CVE-2019-19278

Name of the Vulnerable Software and Affected Versions SINAMICS PERFECT HARMONY GH180 Drives MLFB 6SR32..-.....-.... (All versions) SINAMICS PERFECT HARMONY GH180 Drives MLFB 6SR4...-.....-.... (All versions) SINAMICS PERFECT HARMONY GH180 Drives MLFB 6SR5...-.....-.... (All versions) SINAMICS PERFECT HARMONY GH180 Drives MLFB 6SR325.-.....-.... (All versions)

Description The issue is related to insufficient input validation, which could allow an attacker to compromise the confidentiality, integrity, and availability of the device.
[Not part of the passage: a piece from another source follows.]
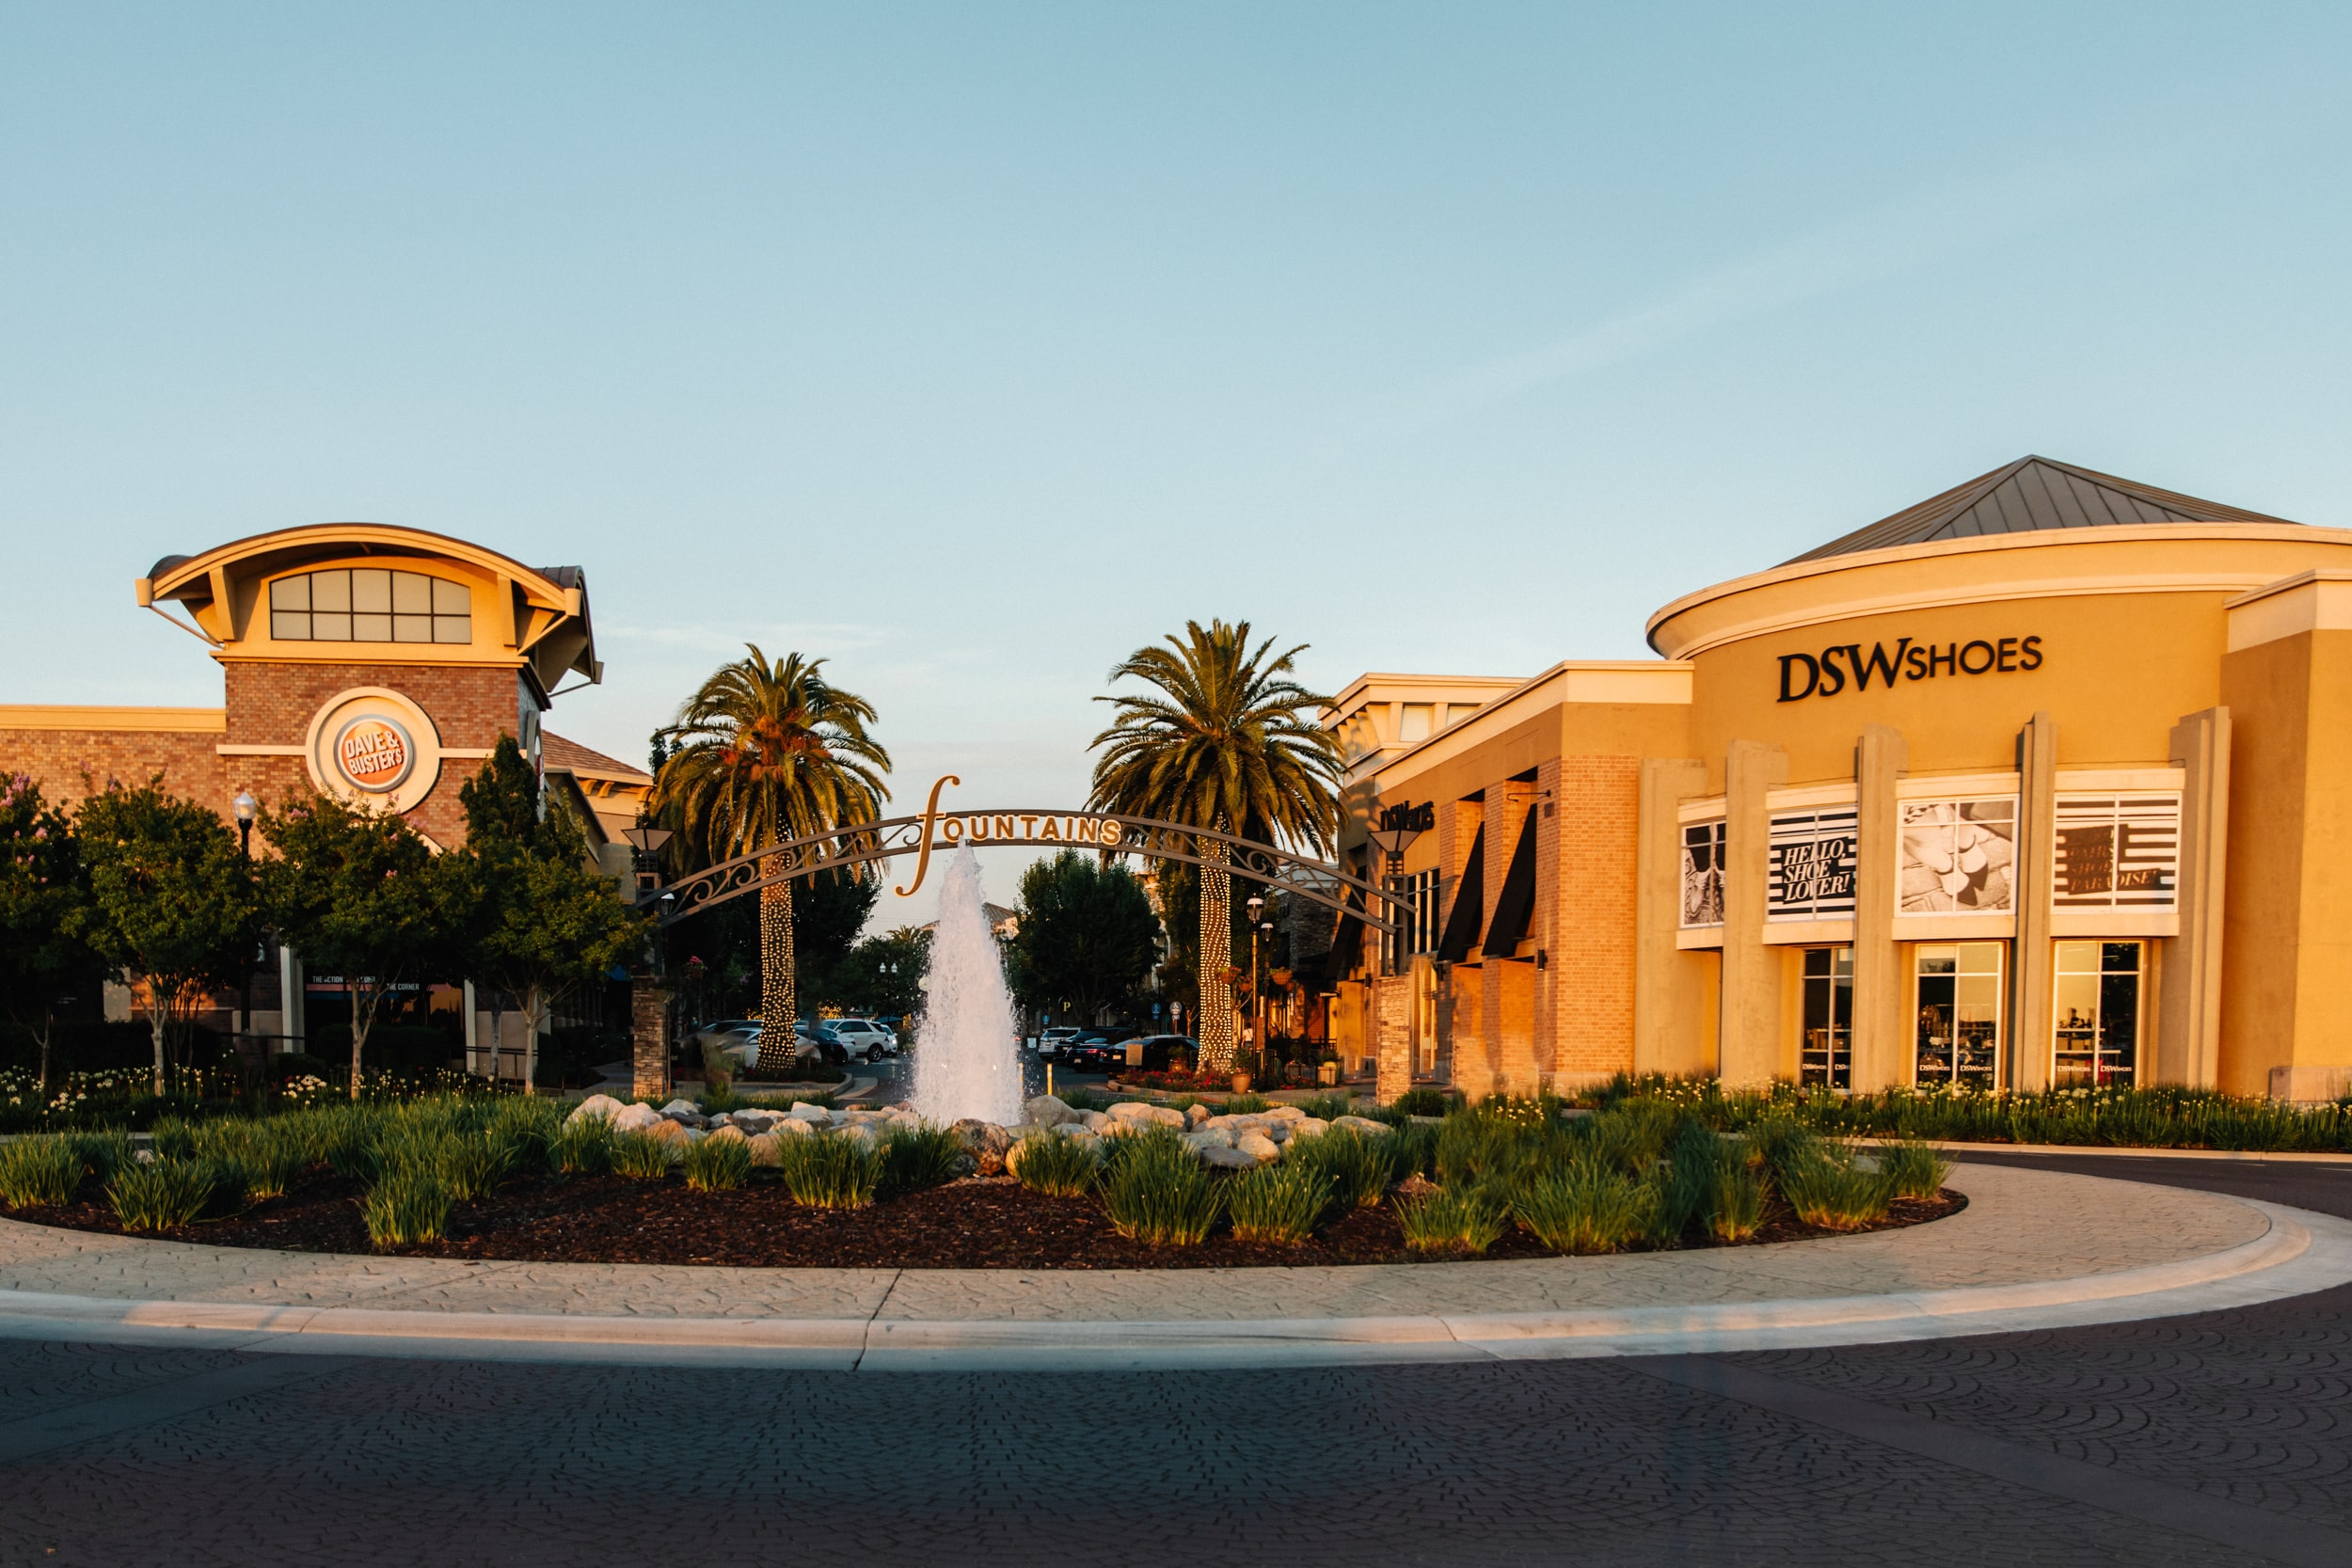 Photo of the Fountains at Roseville main roundabout, showing the main fountain, along with the Fountains at Roseville signage, DSW Shoes, and Dave & Buster.

Successful exploitation requires physical access to the system but does not require system privileges or user interaction. The vulnerability could be used to restore the device to a state where predefined application and operating system protection mechanisms are not in place.

Recommendations For SINAMICS PERFECT HARMONY GH180 Drives MLFB 6SR32..-.....-...., restrict physical access to the system to minimize the risk of exploitation. For SINAMICS PERFECT HARMONY GH180 Drives MLFB 6SR4...-.....-...., restrict physical access to the system to minimize the risk of exploitation. For SINAMICS PERFECT HARMONY GH180 Drives MLFB 6SR5...-.....-...., restrict physical access to the system to minimize the risk of exploitation. For SINAMICS PERFECT HARMONY GH180 Drives MLFB 6SR325.-.....-...., restrict physical access to the system to minimize the risk of exploitation. At the moment, there is no information about a newer version that contains a fix for this vulnerability.